Anonymous wrote:I am a Physicist. I never found the physics classes hard. The hardest classes for me were the ones which required a lot of memorization. My lowest grade in college was in Art Appreciation.
Anonymous wrote:Anonymous wrote:Anonymous wrote:Such a weird question OP. People are good at different things. So, for some people engineering is a breeze and for others they might think writing white papers is a breeze. Not everyone wants to be STEM<STEM, STEM. It's strange for people to presume those are necessarily difficult majors....different strokes for different folks.
I don’t know anyone who thought engineering was a breeze. In fact, usually engineering schools have lower cutoffs to make top 10% of the class because the average grades are lower.
This. Even the most brilliant people I studied with in engineering worked very hard. Very few people got As.
I get so tired of people acting like STEM majors had some innately magical talent for STEM. It’s actually just really hard work.
Anonymous wrote:Anonymous wrote:Anonymous wrote:Anonymous wrote:Anonymous wrote:Whatever you are not good at is the hardest major for you. If you’re not good at math, STEM majors would likely be the most difficult for you. If you’re not good at reading, analysis, and writing, majors like English and history might be the most difficult for you.
If your major is *that* difficult, you are likely not in the best major for you.
This isn't true. Not all engineering majors couldn't hack it at English or History.
I vote electrical engineering as one of the hardest. Chemical and petroleum engineering are up there too.
But you're presuming that all English and history majors couldn't hack it as engineers?
Yup, pretty much.
Engineers can do reading, analysis, and writing. English and history majors can't do math.
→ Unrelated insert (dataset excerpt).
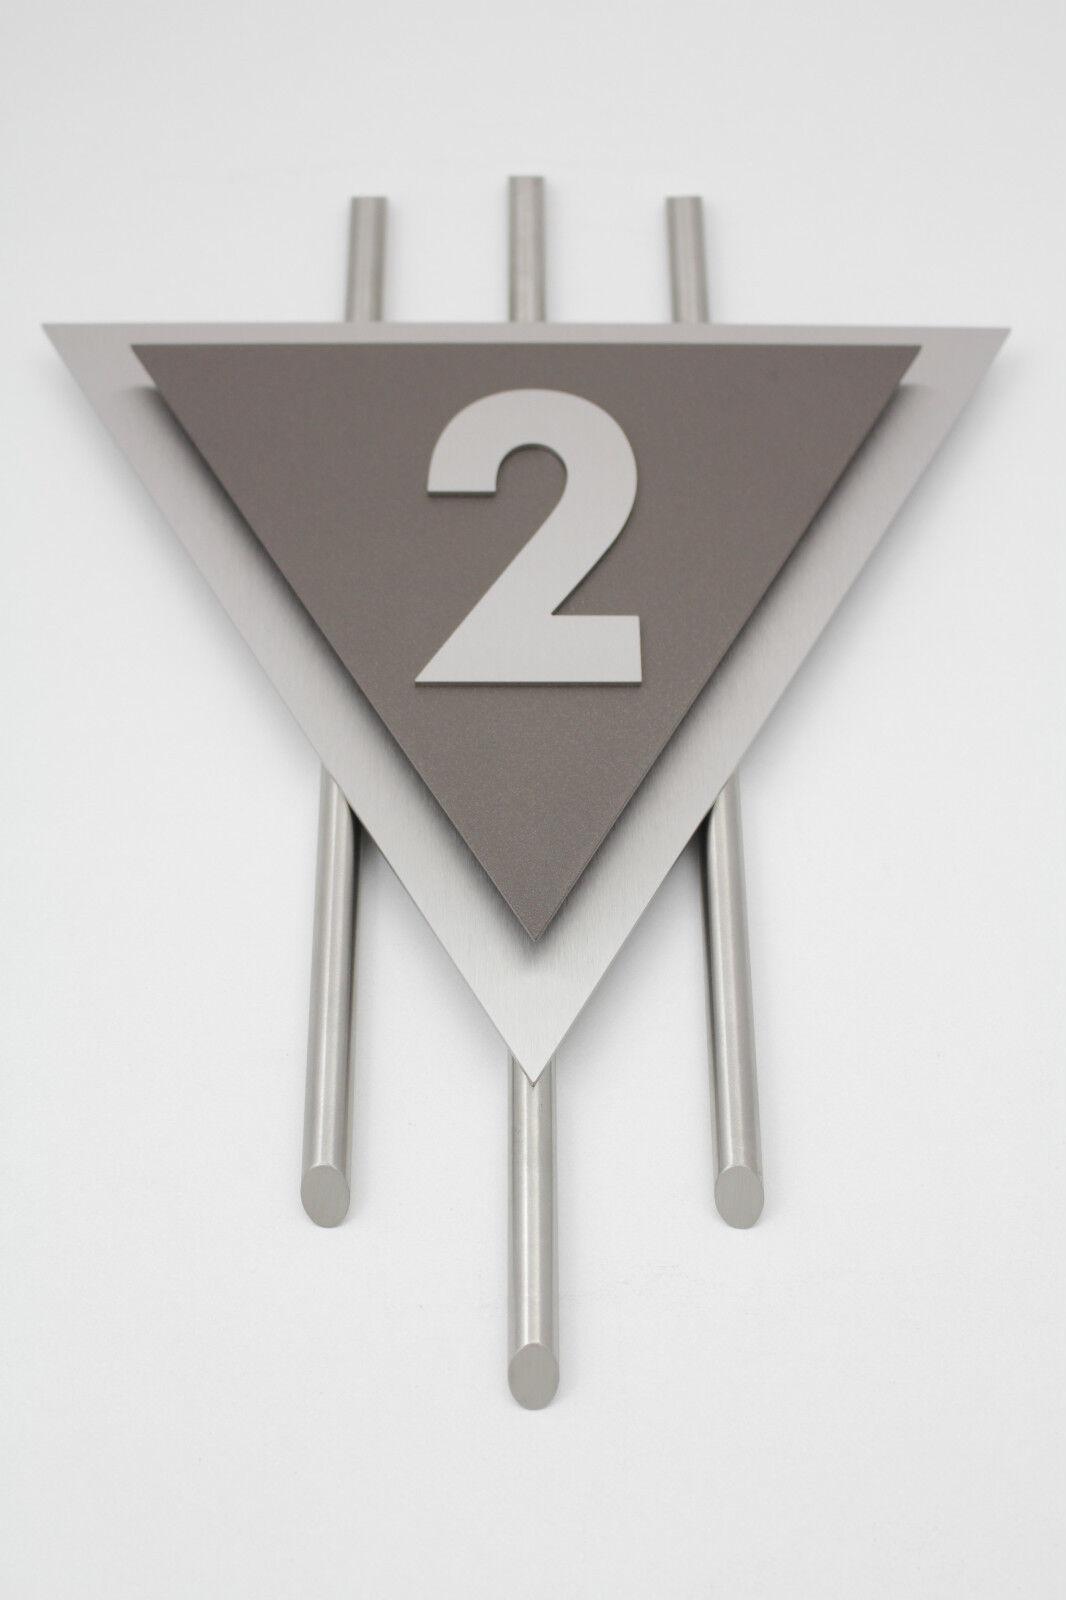 Hausnummer Edelstahl Sepia grau Exklusives Design Venus Zahl 1-9 V2A Zierstangen

The engineering major students whose papers I used to correct and edit sure as hell couldn't write to save their lives
Anonymous wrote:Anonymous wrote:Anonymous wrote:Anonymous wrote:Anonymous wrote:Whatever you are not good at is the hardest major for you. If you’re not good at math, STEM majors would likely be the most difficult for you. If you’re not good at reading, analysis, and writing, majors like English and history might be the most difficult for you.
If your major is *that* difficult, you are likely not in the best major for you.
This isn't true. Not all engineering majors couldn't hack it at English or History.
I vote electrical engineering as one of the hardest. Chemical and petroleum engineering are up there too.
But you're presuming that all English and history majors couldn't hack it as engineers?
Yup, pretty much.
Engineers can do reading, analysis, and writing. English and history majors can't do math.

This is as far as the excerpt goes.